Chapter 59 - Hemodialysis

Gerald Schulman

Jonathan Himmelfarb]

Hemorrhage

The uremic environment produces impaired platelet functioning, changes in capillary permeability, and anemia, all of which can impair hemostasis. There also may be increased blood loss from the gastrointestinal tract because of gastritis or angiodysplasia, lesions associated with renal failure.

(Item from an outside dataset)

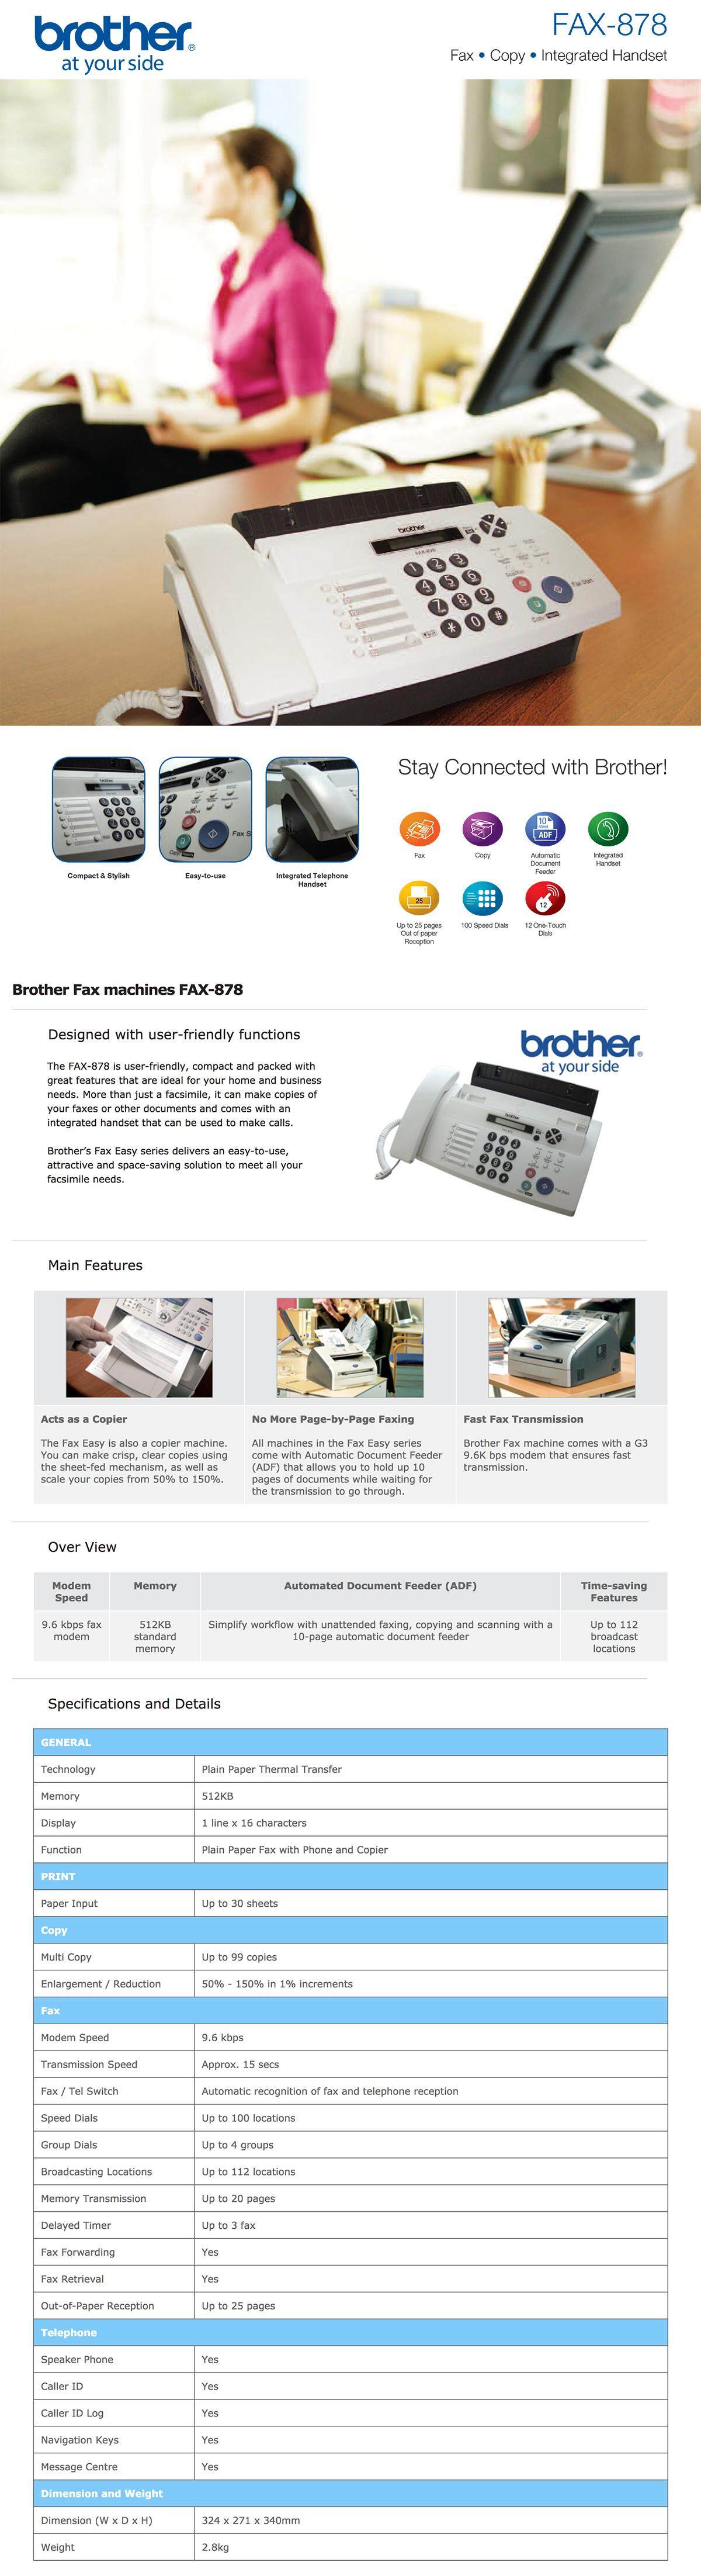 brother-fax-236-fax236-fax-236se-fax-machine-thermal-fax-machine-with-phone-description.jpg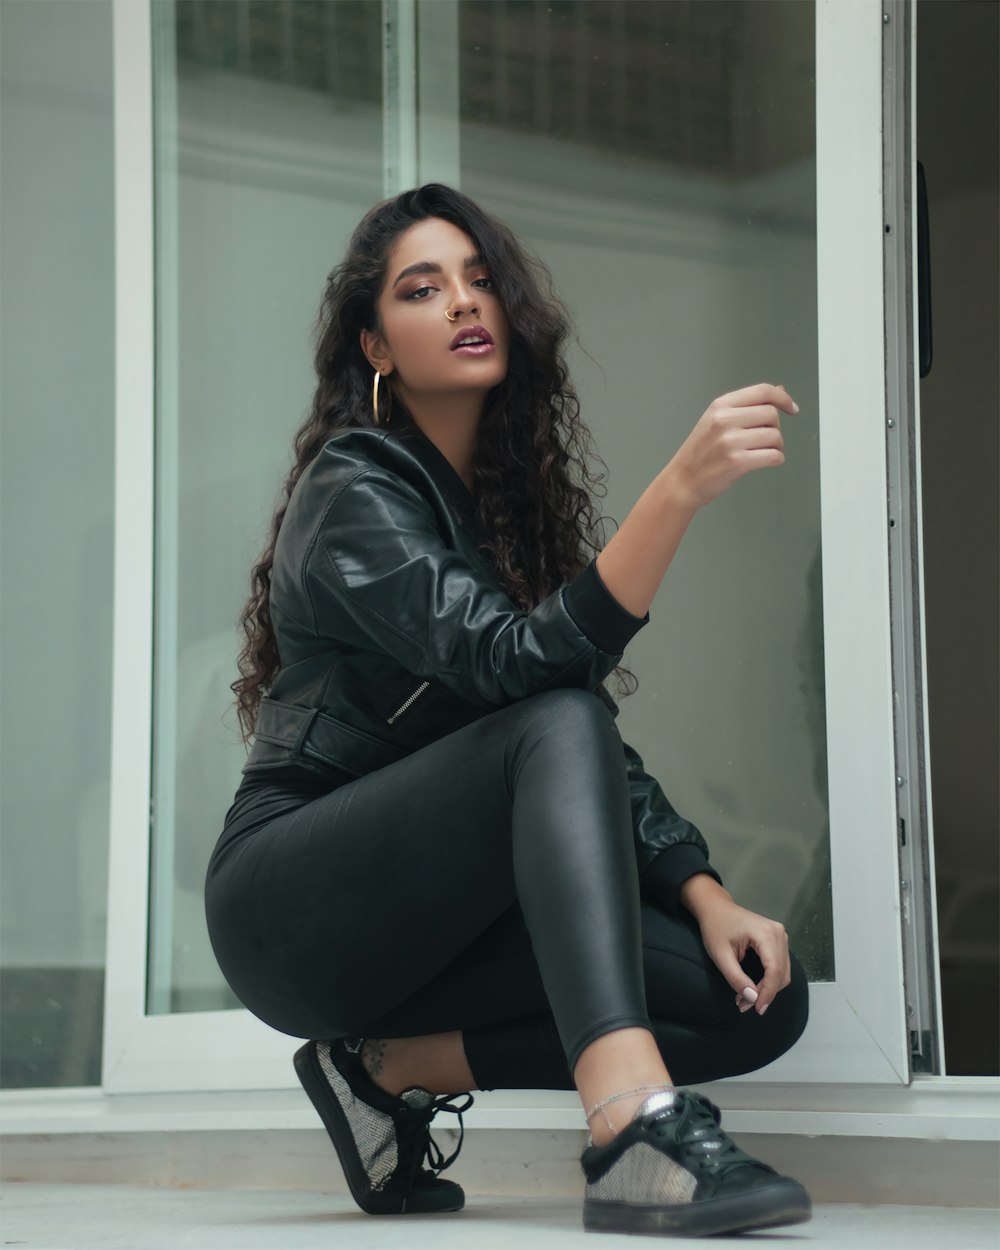 woman in black leather jacket and black leggings sitting on glass window

The initiation of hemodialysis is reported to partially correct the defects responsible for the platelet dysfunction and capillary permeability that occur in uremia. However, patients undergoing hemodialysis still have a higher risk of hemorrhagic events because of repeated exposure to heparin. Heparin is used to prevent clotting in the extracorporeal circuit. Although strategies have been developed to dialyze patients without systemic anticoagulation, these techniques are time consuming and require greater supervision than is practical in the setting of an outpatient chronic hemodialysis center.

Acute bleeding episodes can occur at many sites; gastrointestinal blood loss, subdural and retroperitoneal hematomas, and the development of a hemopericardium may be life threatening. Patients with acute inflammatory pericarditis, those who have had trauma or who have had recent surgery, or who have an underlying coagulopathy or thrombocytopenia are at particular risk for developing hemorrhagic complications during hemodialysis.

In addition to acute bleeding episodes, patients undergoing hemodialysis are exposed to chronic, low-grade episodes of blood loss with each dialysis treatment. Between 5 and 10 mL of residual blood remains in the artificial kidney and tubing even after thorough rinsing. There may be blood loss as needles are inserted and removed and as repeated blood tests are performed on the patients. Estimates of loss of between 5 and 50 mL of blood per dialysis treatment have been made.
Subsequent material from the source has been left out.